Architekturfotografie Frankfurt

ETTR & Methods of Exposure Measurement

Basics, PhotographyPatrick ZasadaComment

Metering Modes of your camera

 

With regard to the automatic determination of the correct exposure, there are various measuring methods. In architectural photography, photographs should be taken in manual mode M anyway. As shown above, the exposure value represented by the bar graph is the result of the interaction of exposure time, the aperture and ISO value. When only one of these three parameters changes, the exposure will change as well and the image becomes brighter or darker, while the bar-graph moves towards left or right accordingly. As soon as this reaches the zero value in the middle, the image should be correctly exposed, according to the camera's internal software. The method of exposure metering only influences the position of the bar graph, which gives information about the exposure. Furthermore, an exposure compensation can be set in the camera, which defines the zero value differently or shifts it to the left or right. The starting point (=zero value) can vary depending on the method; however, the fine adjustment should anyway be made using the histogram according to the ETTR principle, which will be discussed below.

The bar graph provides information about the exposure. In this example, the image is underexposed by one f-stop (-1 EV); so it's a little too dark.

The bar graph provides information about the exposure. In this example, the image is underexposed by one f-stop (-1 EV); so it's a little too dark.

The bar graph is probably familiar to everyone. After all, almost every camera has this type of display with regard to exposure metering. The fraction of 1/20, as in this example, indicates the set exposure time in seconds (1/20 sec). In some cameras, instead of the fraction, only a number like e.g. 20 is displayed, which stands for 1/20 sec.

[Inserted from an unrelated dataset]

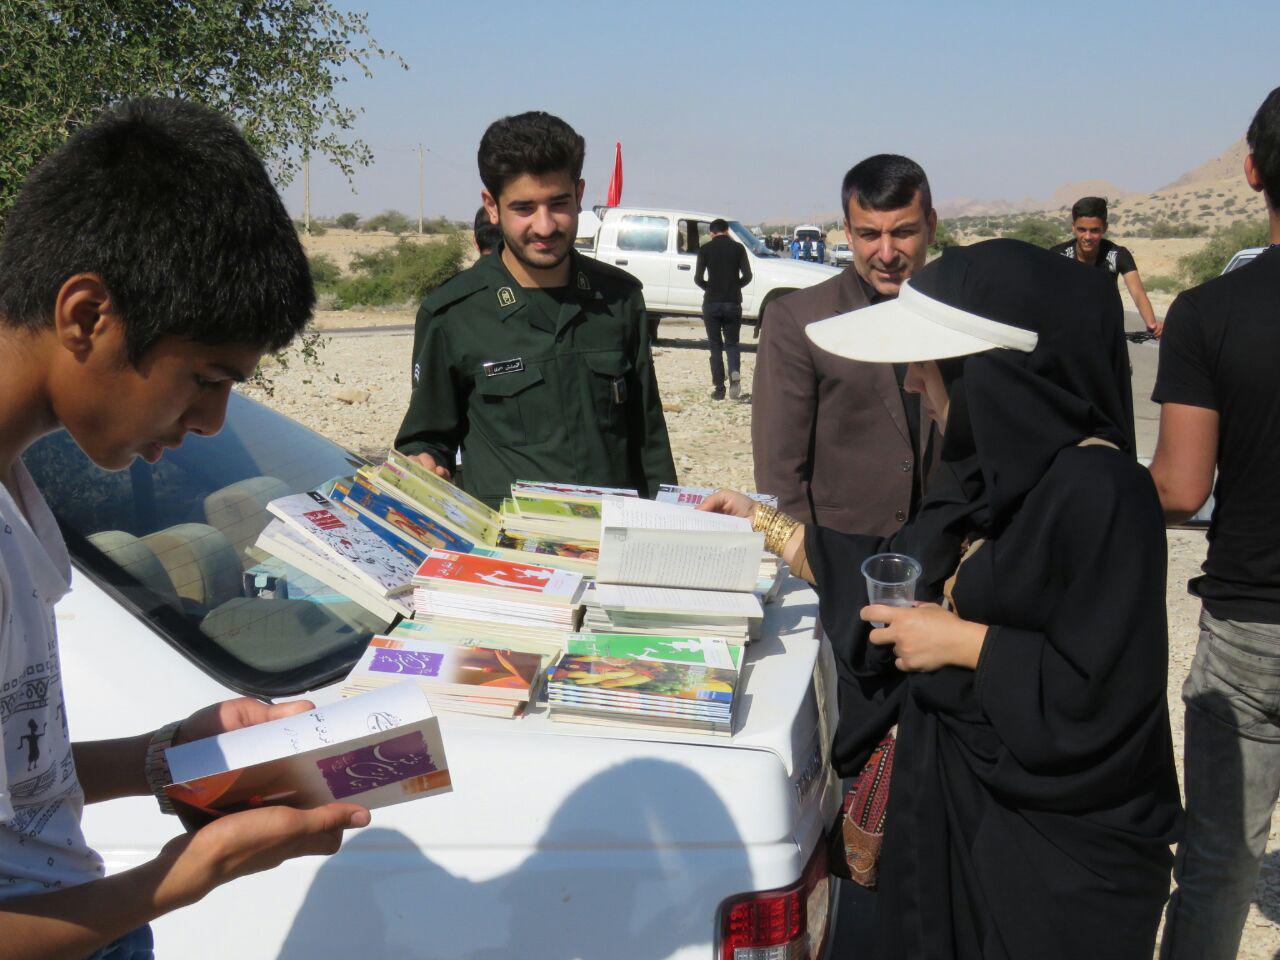 photo_2017-11-09_21-15-19 اهدا کتاب به جاماندگان حرم عشق در فراشبند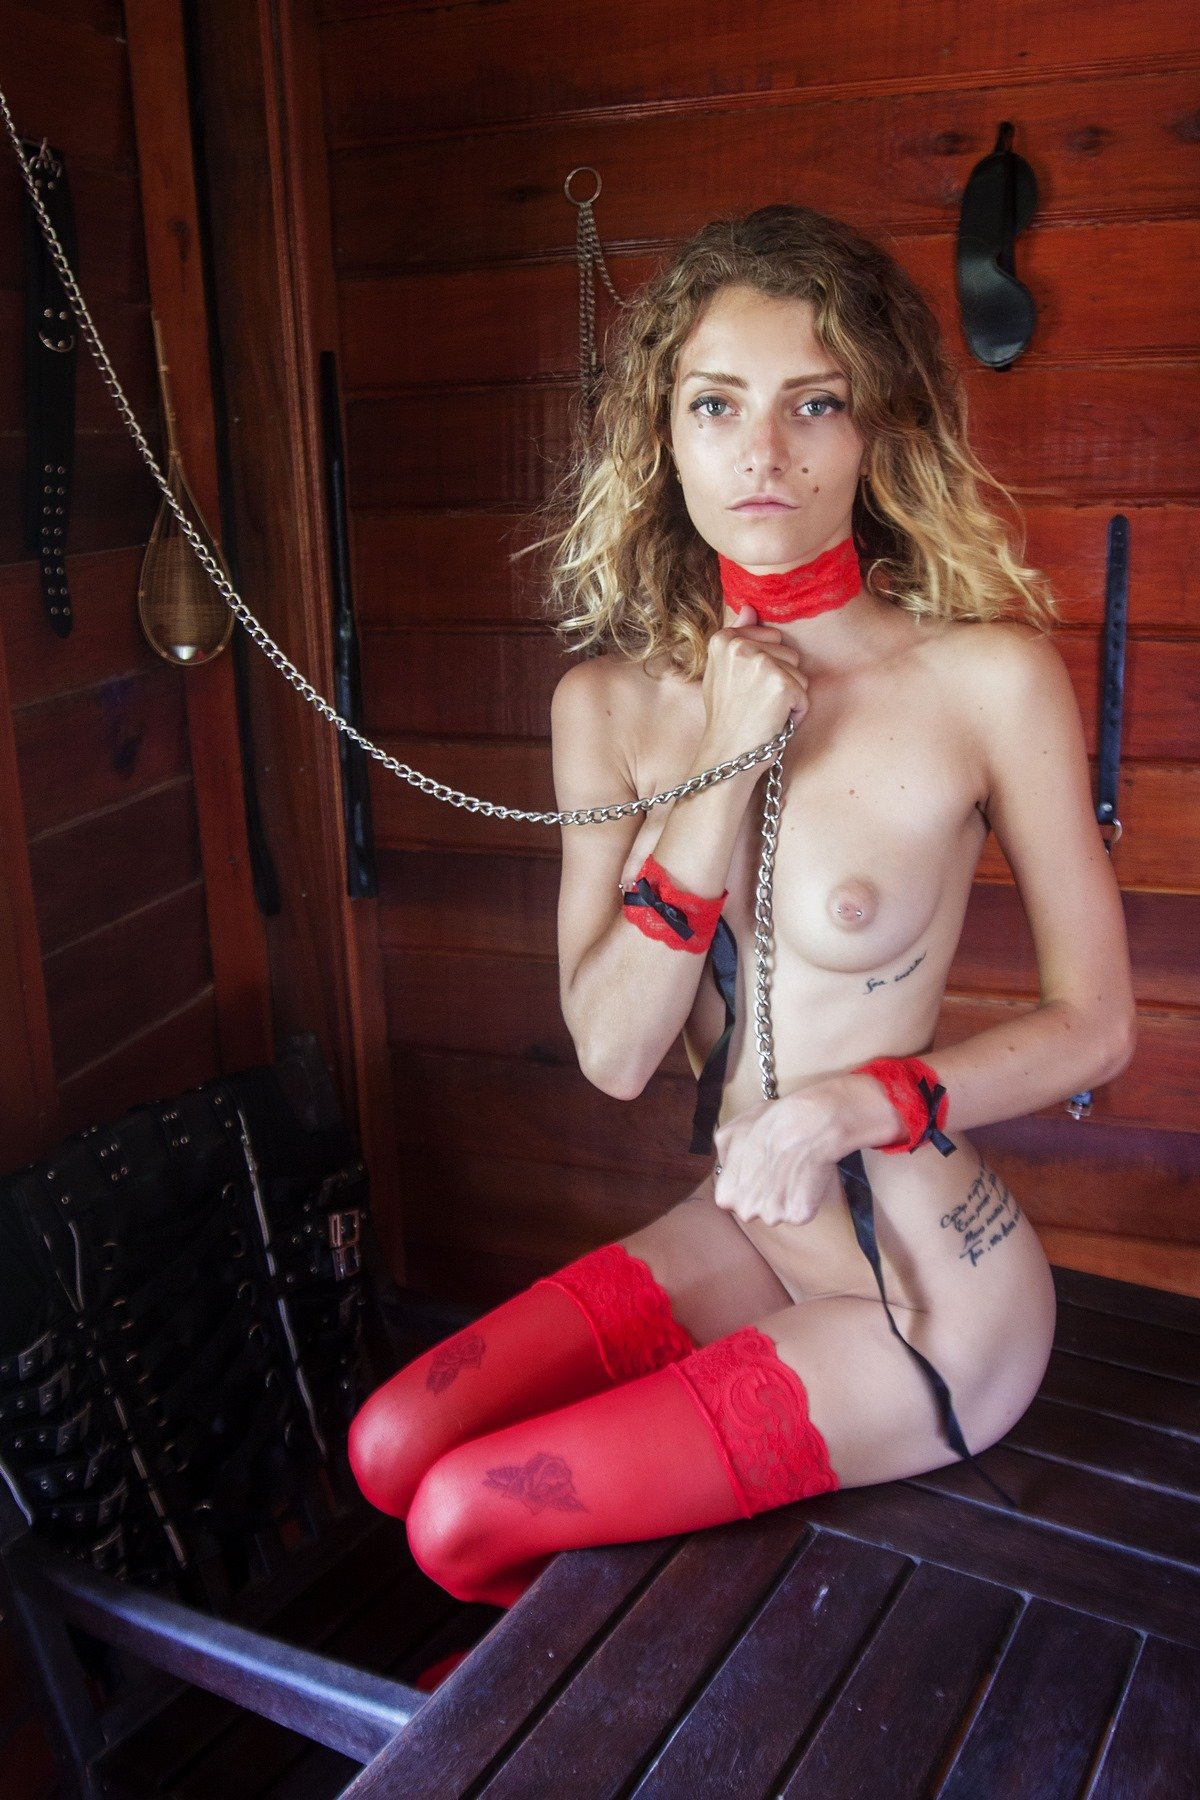 Голая светлая порно звезда в красных гетрах

If there is a quotation mark after the number, it represents a whole second; 20" would therefore correspond to whole 20 seconds. To the right of it the aperture value is displayed. In this example a aperture-value of f/2.8 is set and below the photosensitivity value of ISO 125 is shown. When the values set in the camera are changed, you will notice that the highlighted bar in the middle begins to move. This in-camera metering indicator shows the approximate exposure of the image. In this example, the image would be underexposed by one f-stop (-1 EV), i.e. it would be slightly too dark. This can be corrected by increasing the exposure time accordingly, opening the aperture further and/or increasing the ISO value. The exposure estimated by the camera as optimal is given when the displayed bar is at zero. However, the automatic exposure metering is only for orientation, because in some cases it is useful to over- or underexpose an image. Ideally, the final result should be checked by means of the histogram.

With regard to exposure metering, there are different modes: For example, the integral metering (Average metering), in which an average value of the entire image is calculated, or the center-weighted average metering, in which the metering points in the middle of the image are more important than the metering points at the edges. But what all modes have in common is that the camera considers an image as optimally exposed when the average luminosity reaches a 50-percent grey value. If it is now very dark outside, the camera would brighten the picture until the 50% value is reached. The result would be an image that is much too bright for our perception, since it does not correspond to what was seen with the naked eye. Nevertheless, it can be useful to take pictures like this. The automatic exposure metering works very well during the day, but during the blue hour or at night, you should deliberately shoot underexposed if you are working with the JPEG format. Especially the twilight is a bit complicated due to the fast changing light conditions. Here some test patterns should be created and simply checked on the display. Afterwards it is checked whether the set exposure is satisfactory. However, the settings should be checked at least every 5 minutes and updated if necessary. Manual camera mode M is best suited for this.

The integral measurement (Average metering)

For the integral measurement, all measuring points distributed over the sensor are included equally in the calculation. From the different exposure values, an average value is calculated from which the correct exposure is determined. This method is more suitable for low-contrast subjects (e.g. in heavily cloudy conditions).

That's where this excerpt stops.